El Commodore 64 Ultimate es el primer hardware oficial lanzado por Commodore International en más de 30 años bajo su nueva dirección, disponible actualmente en preventa a partir de 299 USD con envíos esperados en octubre o noviembre de 2025. No se trata de un emulador: utiliza un chip AMD Xilinx Artix‑7 FPGA que recrea a nivel de silicio la placa original del C64, ofreciendo una compatibilidad de al menos el 99 % con miles de juegos, cartuchos y periféricos clásicos de los años 80 y 90. Está dirigido por Christian “Peri Fractic” Simpson, creador en la comunidad retro, y respaldado por antiguos ingenieros y responsables históricos de Commodore, aunque la financiación de la adquisición aún no ha sido completada.
Cuenta con 128 MB DDR2 de RAM, 16 MB de memoria flash NOR, e incluye funcionalidad integrada del núcleo Ultimate‑II+ con emulación de cinta y cargador DMA rápido para eliminar las esperas tradicionales de cassette . En cuanto al vídeo, ofrece salida HDMI certificada en 1080p (50 Hz PAL o 60 Hz NTSC), con latencia casi nula y soporte DVI, además de una salida analógica DIN‑8 que permite conexiones CVBS, S‑Video o RGB.
En sonido dispone de dos sockets para chips SID (6581/8580) con detección automática de voltaje y filtro, y emulación UltiSID octal por FPGA, complementado por un conector SID‑TAP . La conectividad abarca tres puertos USB‑A 2.0, un USB‑C, ranura MicroSD, HDMI (cable incluido), puerto de audio jack de 3,5 mm y óptico S/PDIF; Ethernet a 100 Mbps y Wi‑Fi; puerto para cartuchos, datassette, unidad de disco; dos puertos DB‑9 para joystick o paddle; y puerto de usuario de 26 pines (con adaptador por separado) .

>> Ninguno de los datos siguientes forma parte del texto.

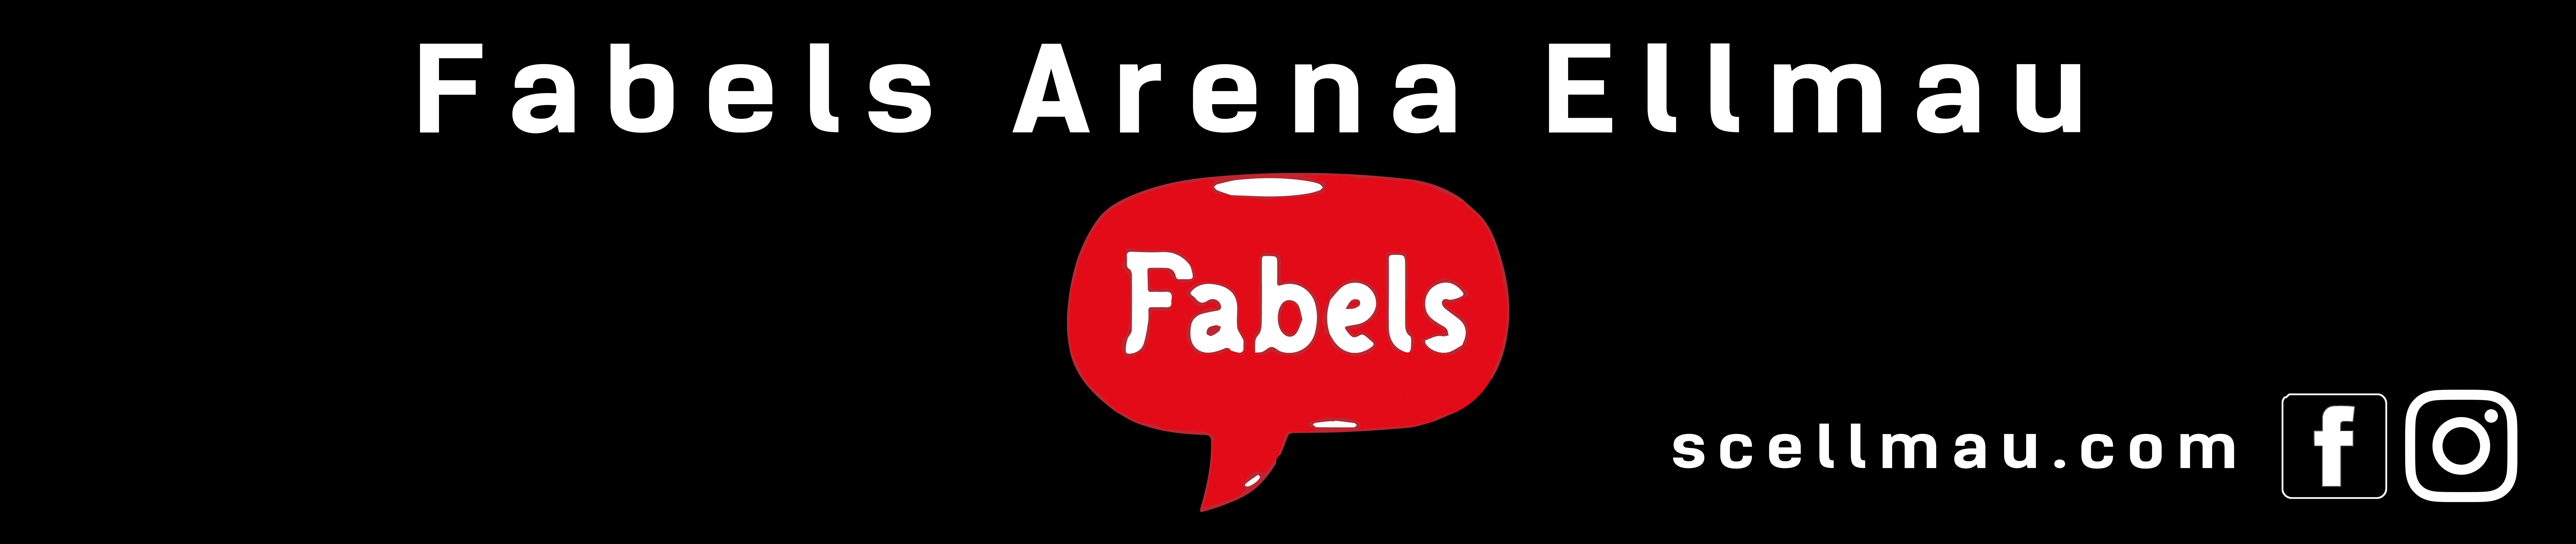 Fabels Arena

El teclado es mecánico de 66 teclas con interruptores Gateron Pro 3.0 (55 g), diseño clásico del C64, con retroiluminación RGB en 70 leds, full NKRO y PCB translúcido en los modelos compatibles, aunque la edición básica BASIC Beige carece de iluminación. La iluminación del teclado y de la carcasa es configurable por menús, con patrones ajustables, velocidad y brillo, y algunos modelos reaccionan al sonido del SID.
Se ofrecen tres versiones estéticas: la edición BASIC Beige (~ 299 USD) con diseño clásico sin iluminación pero con los nombres de los creadores originales grabados en la placa; la Starlight Edition (~ 349 USD), con carcasa translúcida, PCB transparente y luces reactivas; y la Founders Edition (~ 499 USD), edición limitada a 6 400 unidades, con carcasa ámbar translúcida, certificado con sello de oro, chapa y colgante de oro 24 k, camiseta conmemorativa y pegatina holográfica numerada comenzando en 00000001, con iluminación reactiva incluida.
En el contenido incluido se proporciona un transformador universal de 12 V, cable HDMI, guía de usuario encuadernada en espiral, USB “cassette” de 64 GB con más de 50 títulos clásicos licenciados, demos, música, una nueva secuela titulada “Jupiter Lander: Ascension”, guía rápida y pegatinas de estilo retro. La preventa se lleva a cabo en la plataforma propia de Commodore, no en sitios como Kickstarter o Indiegogo, y ofrece garantía limitada de un año además de reembolso completo sin preguntas antes del envío.
Aunque aún falta completar el pago de adquisición de la marca, Commodore asegura que existe un contrato que garantiza la producción independientemente del estatus final de la compra. Los analistas y seguidores han destacado que este proyecto representa una propuesta superior a reediciones anteriores como The C64 Maxi, al ofrecer hardware real compatible con periféricos originales, en lugar de emulación ARM. Por todo ello, el Commodore 64 Ultimate revive la experiencia original con una fidelidad técnica y estética muy alta, destinada tanto a coleccionistas como a nuevas generaciones que deseen explorar el legado del C64 en pleno 2025.